From Mazer v. Stein , 347 US 201 (1954):

Unlike a patent, a copyright gives no exclusive right to the art disclosed; protection is given only to the expression of the idea—not the idea itself.[39] Thus, in Baker v. Selden, 101 U. S. 99, the Court held that a copyrighted book on a peculiar system of bookkeeping was not infringed by a similar book using a similar plan which achieved similar results where the alleged infringer made a different arrangement of the columns and used different headings. The distinction is illustrated in Fred Fisher, Inc. v. Dillingham, 298 F. 145, 151, when the court speaks of two men, each a perfectionist, independently making 218 maps of the same territory. Though the maps are identical, each may obtain the exclusive right to make copies of his own particular map, and yet neither will infringe the other's copyright. Likewise a copyrighted directory is not infringed by a similar directory which is the product of independent work.[40] The copyright protects originality rather than novelty or invention—conferring only "the sole right of multiplying copies."[41] Absent copying there can be no infringement of copyright.[42] Thus, respondents may not exclude others from using statuettes of human figures in table lamps; they may only prevent use of copies of their statuettes as such or as incorporated in some other article. Regulation § 202.8, supra, makes clear that artistic articles are protected in "form but not their mechanical or utilitarian aspects." See Stein v. Rosenthal, 103 F. Supp. 227, 231. The dichotomy of protection for the aesthetic is not beauty and utility but art for the copyright and the invention of original and ornamental design for design patents. We find nothing in the copyright statute to support the argument that the intended use or use in industry of an article eligible for copyright bars or invalidates its registration. We do not read such a limitation into the copyright law.

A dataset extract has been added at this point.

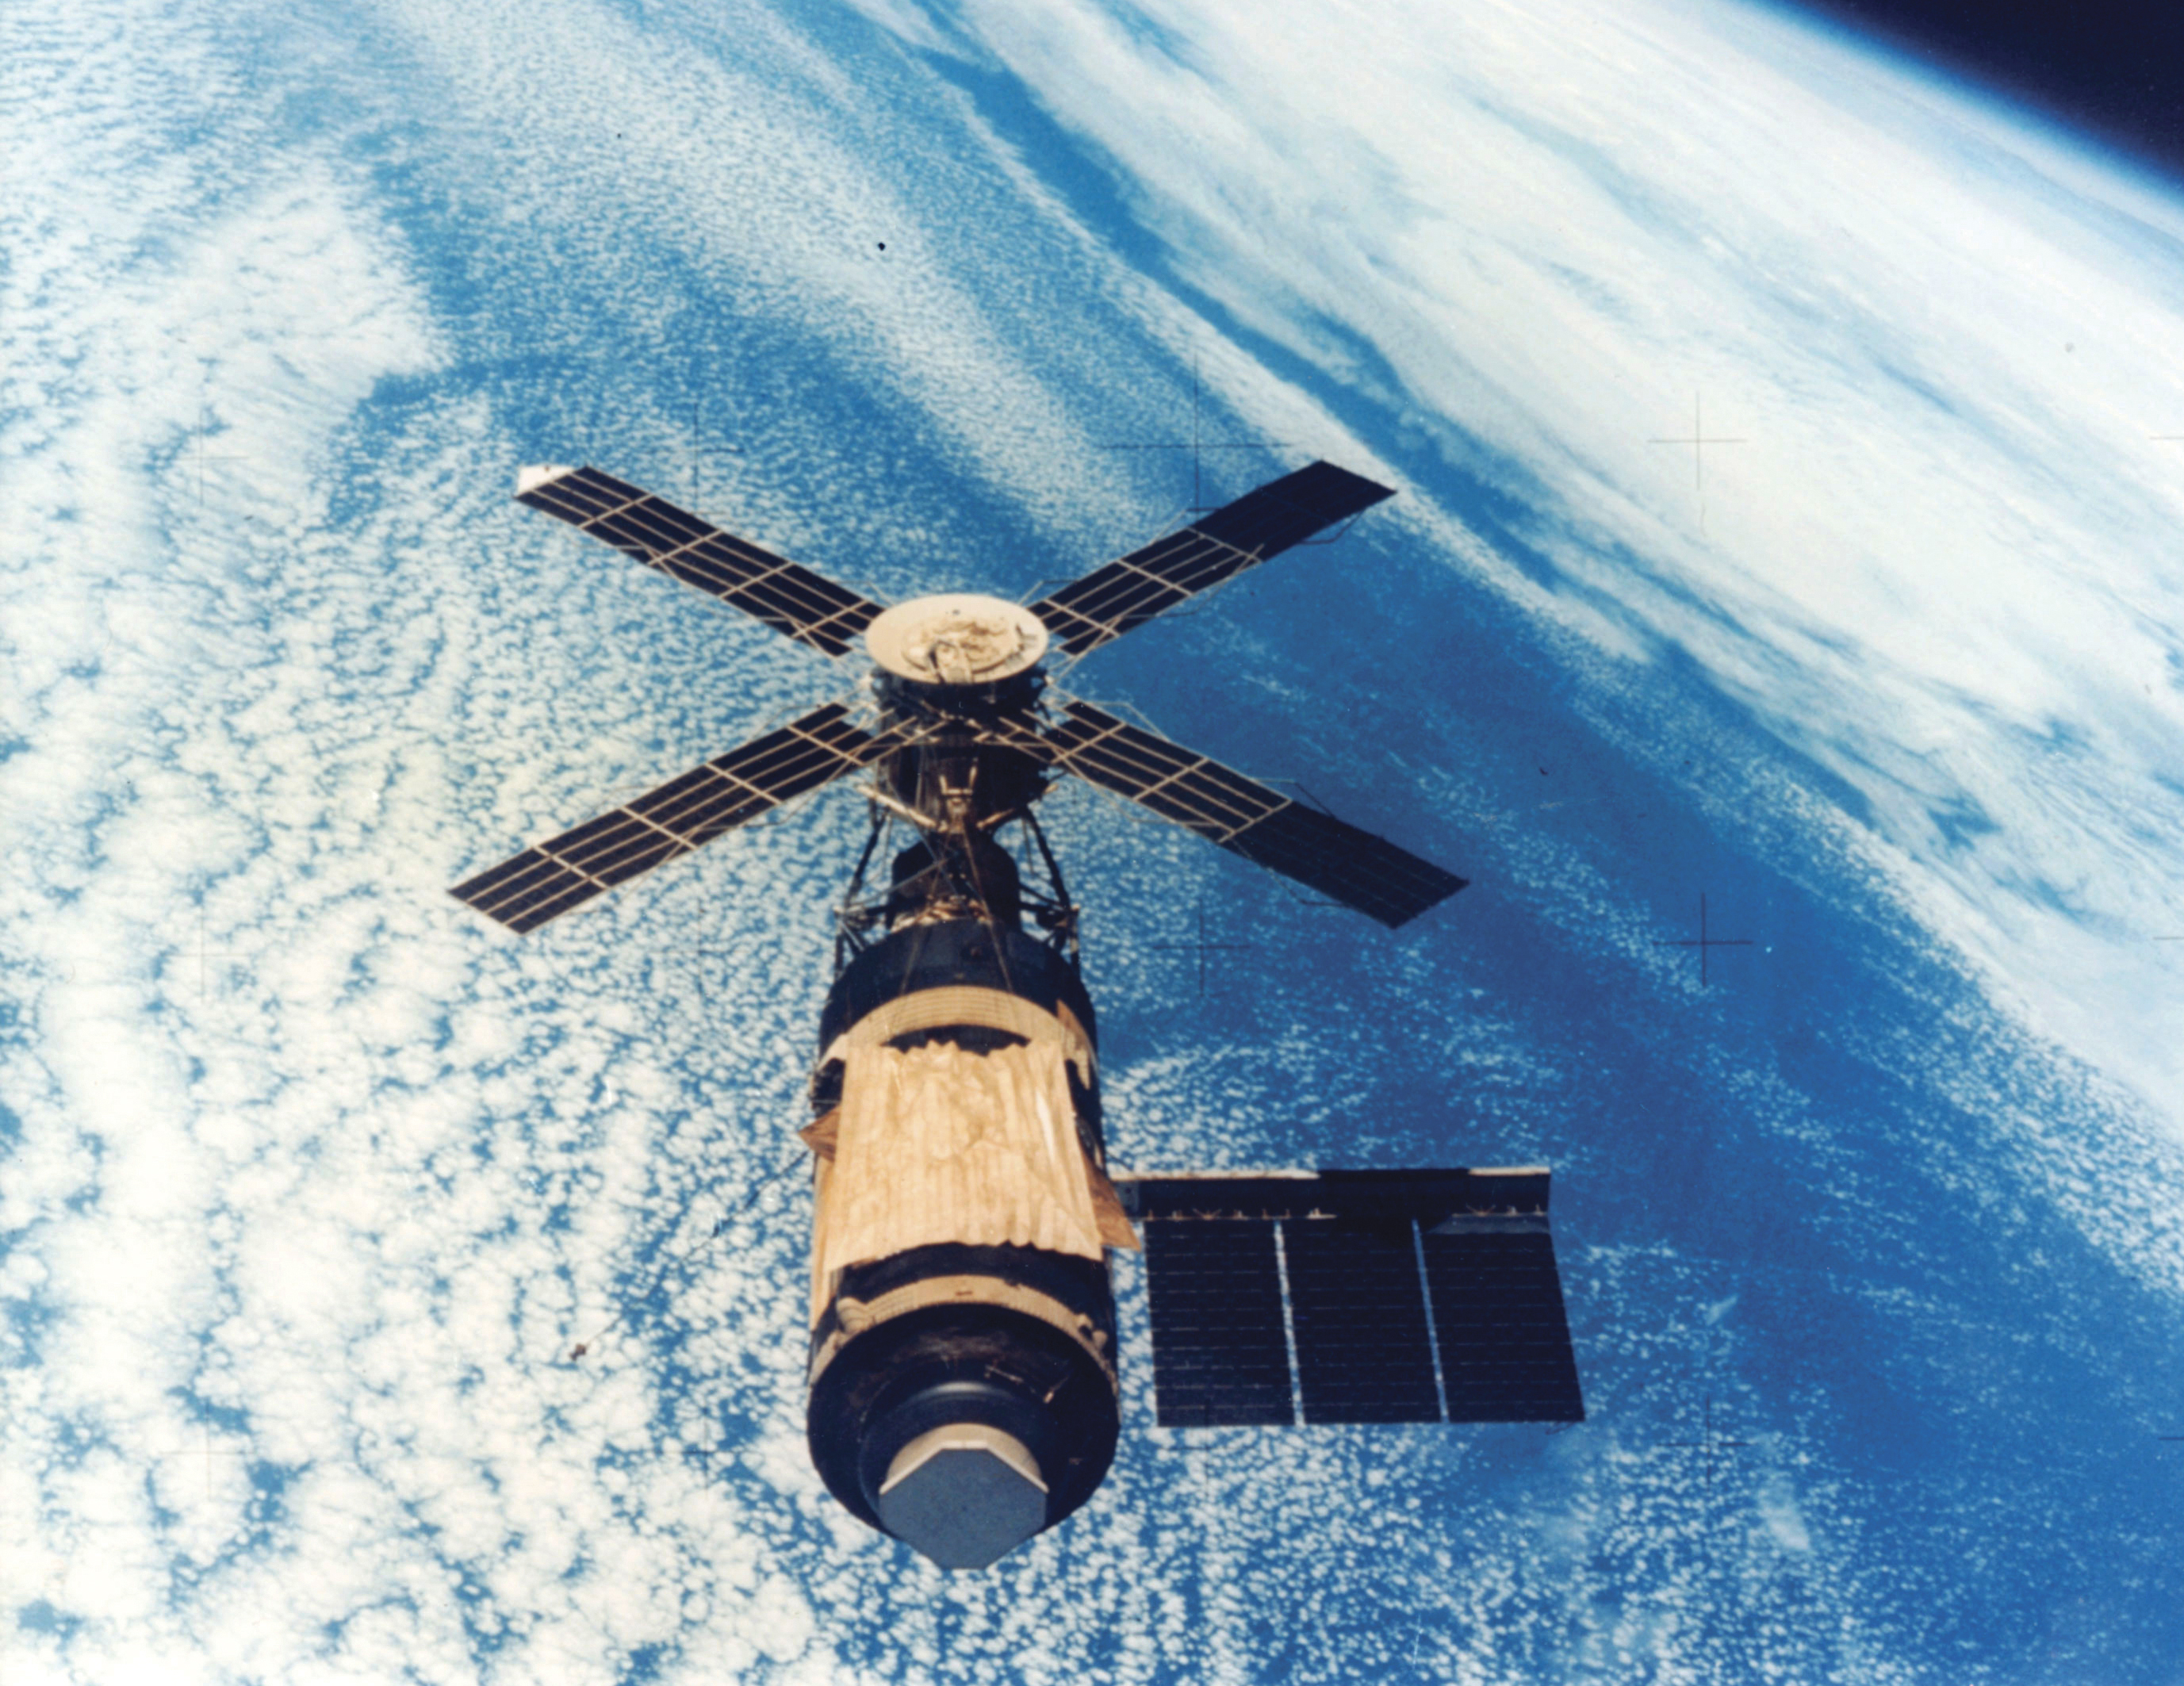 Die US-amerikanische Raumstation Skylab ist nach ihrem Abwurf aus dem Weltraum das größte jemals in den Ozeanen gefundene Raumschiff

FOOTNOTES [referenced above]
[39] F. W. Woolworth Co. v. Contemporary Arts, 193 F. 2d 162; Ansehl v. Puritan Pharmaceutical Co., 61 F. 2d 131; Fulmer v. United States, 122 Ct. Cl. 195, 103 F. Supp. 1021; Muller v. Triborough Bridge Authority, 43 F. Supp. 298.

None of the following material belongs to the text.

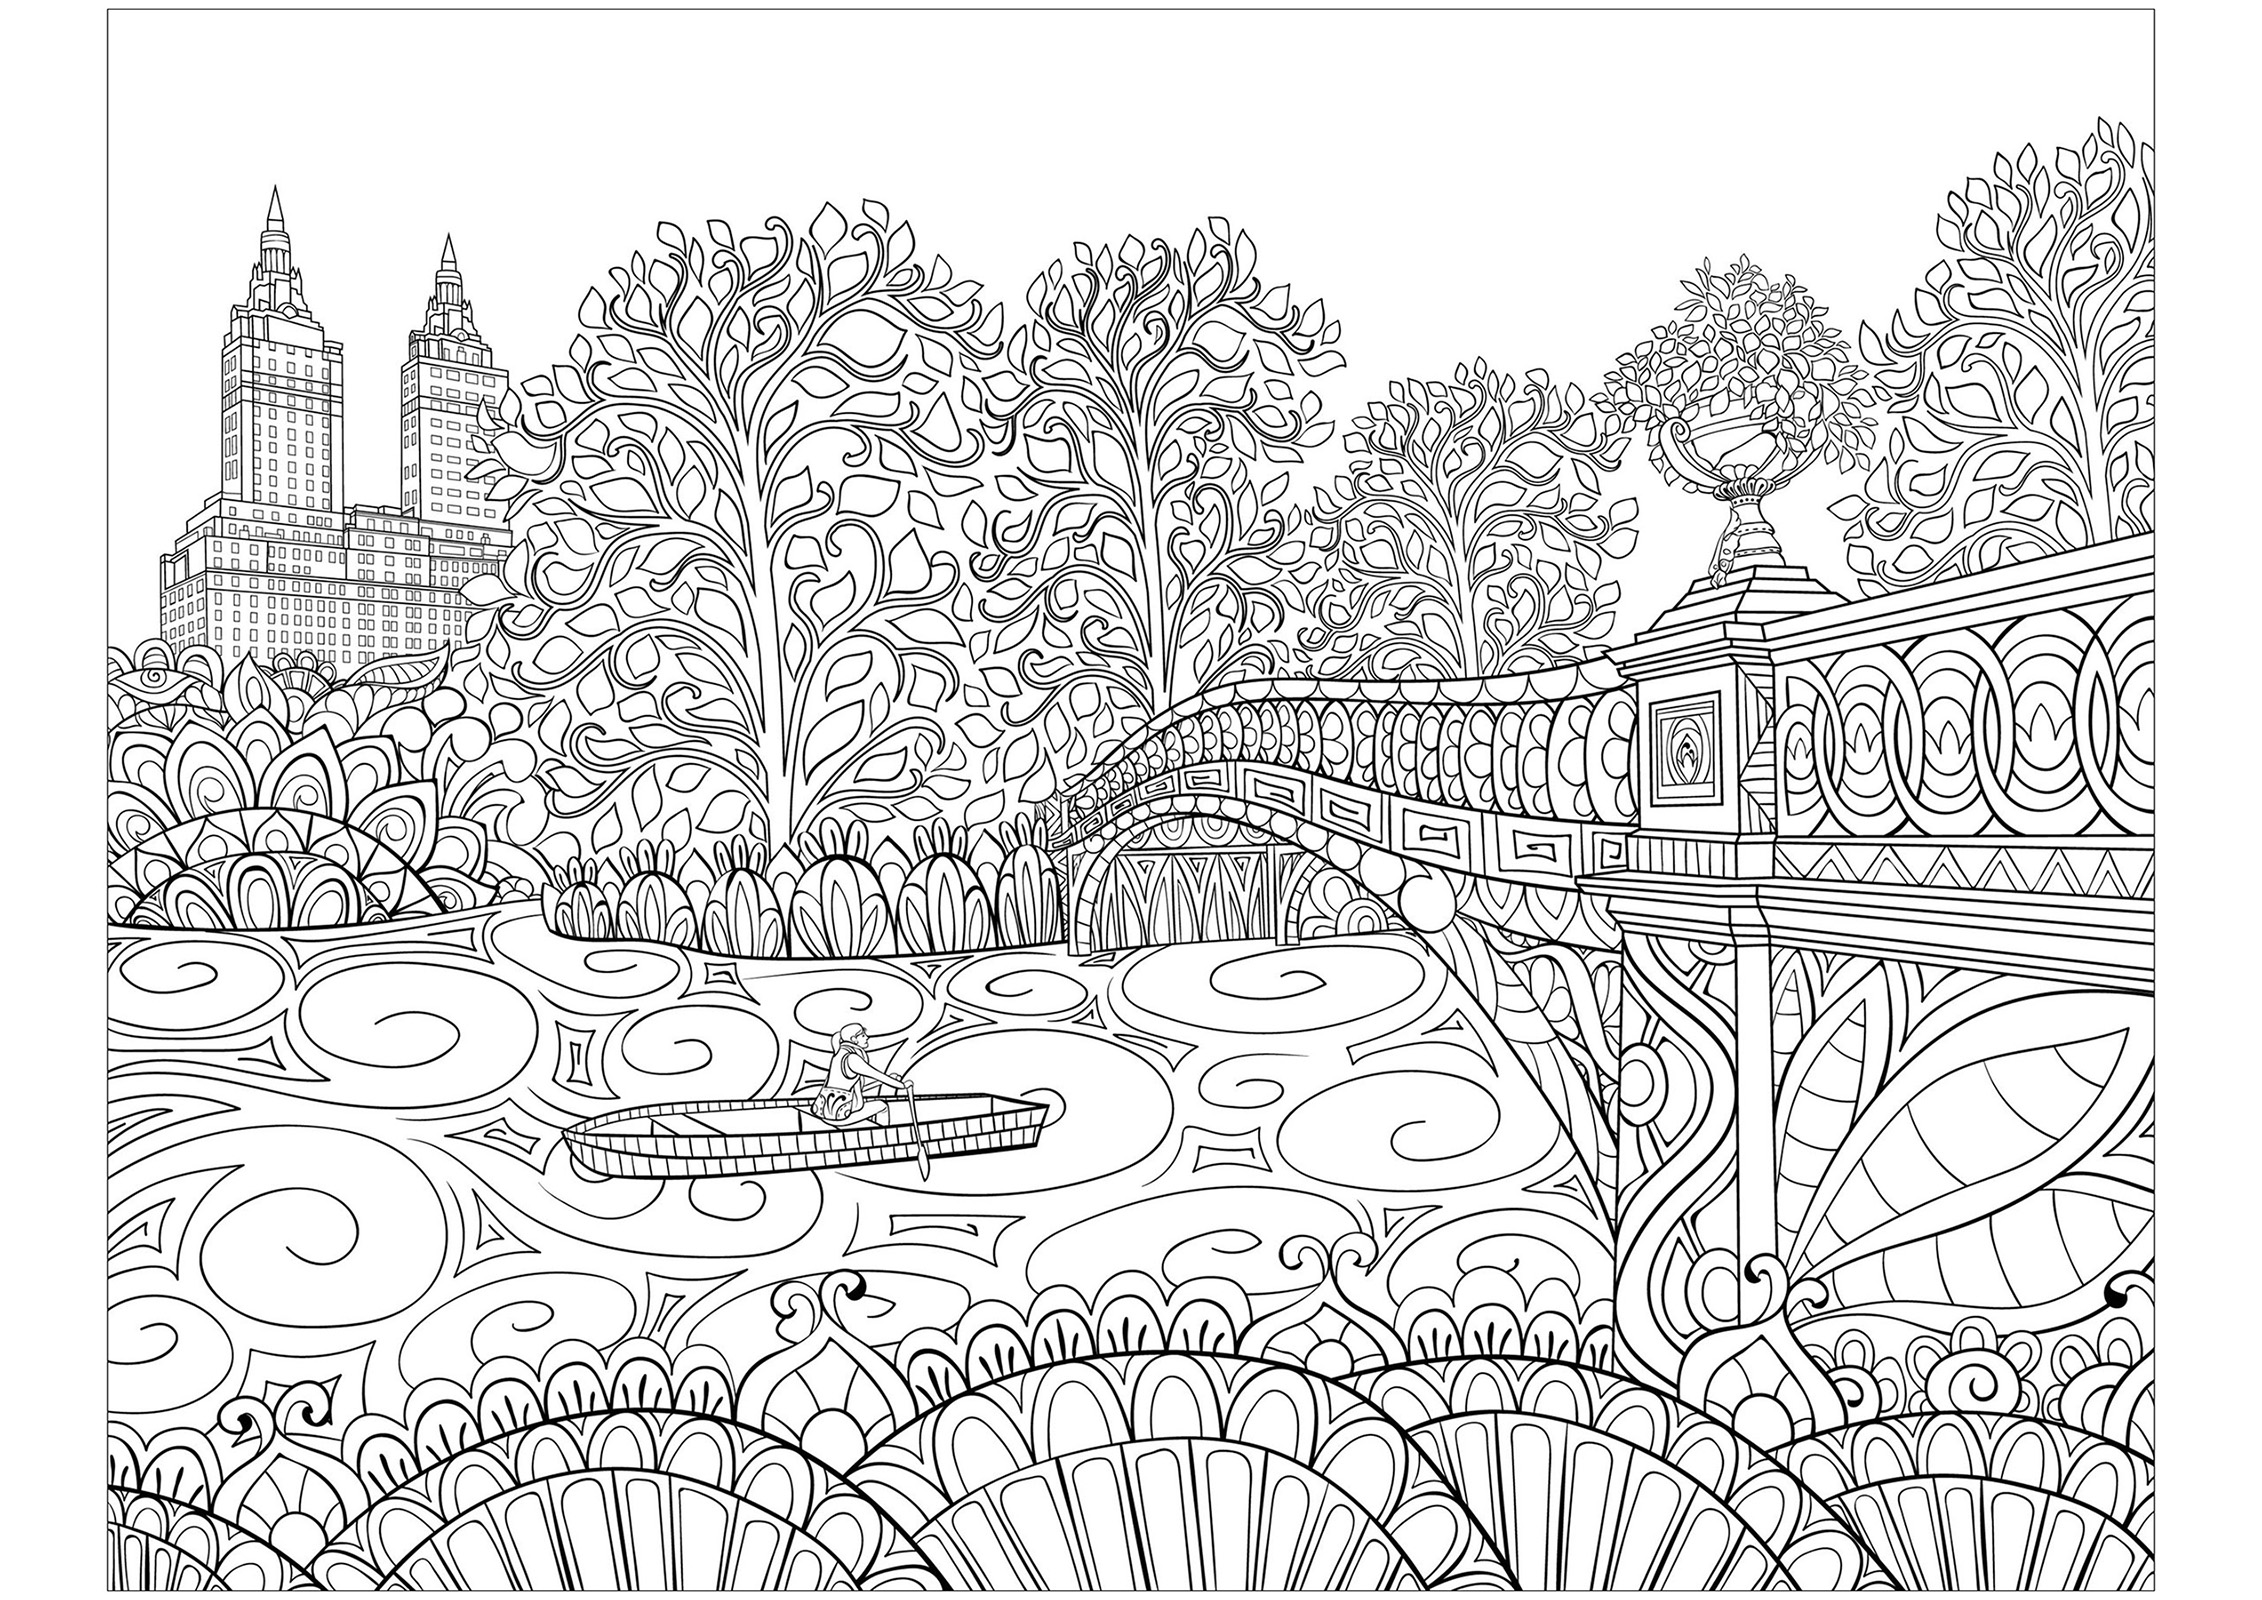 A famosa Bow Bridge no Central Park (Nova Iorque), e vários elementos para colorir. A Bow Bridge é um dos elementos mais emblemáticos e fotografados do Central Park. Construída em 1862, esta ponte da era vitoriana atravessa o lago do Central Park e liga Cherry Hill e o Ramble, Artista : Nonuzza   Fonte : 123rf

[40] Sampson & Murdock Co. v. Seaver-Radford Co., 140 F. 539. See, Anno. 26 A. L. R. 585.
[41] Jeweler's Circular Pub. Co. v. Keystone Publishing Co., 281 F. 83, 94.
[42] White-Smith Music Pub. Co. v. Apollo Co., 209 U. S. 1; Bleistein v. Donaldson Lithographing Co., 188 U. S. 239, 249; Arustein v. Porter, 154 F. 2d 464, 468-469; Alfred Bell & Co., Ltd. v. Catalda Fine Arts, Inc., 191 F. 2d 99, 103; Ansehl v. Puritan Pharmaceutical Co., supra; Christic v. Cohan, 154 F. 2d 827.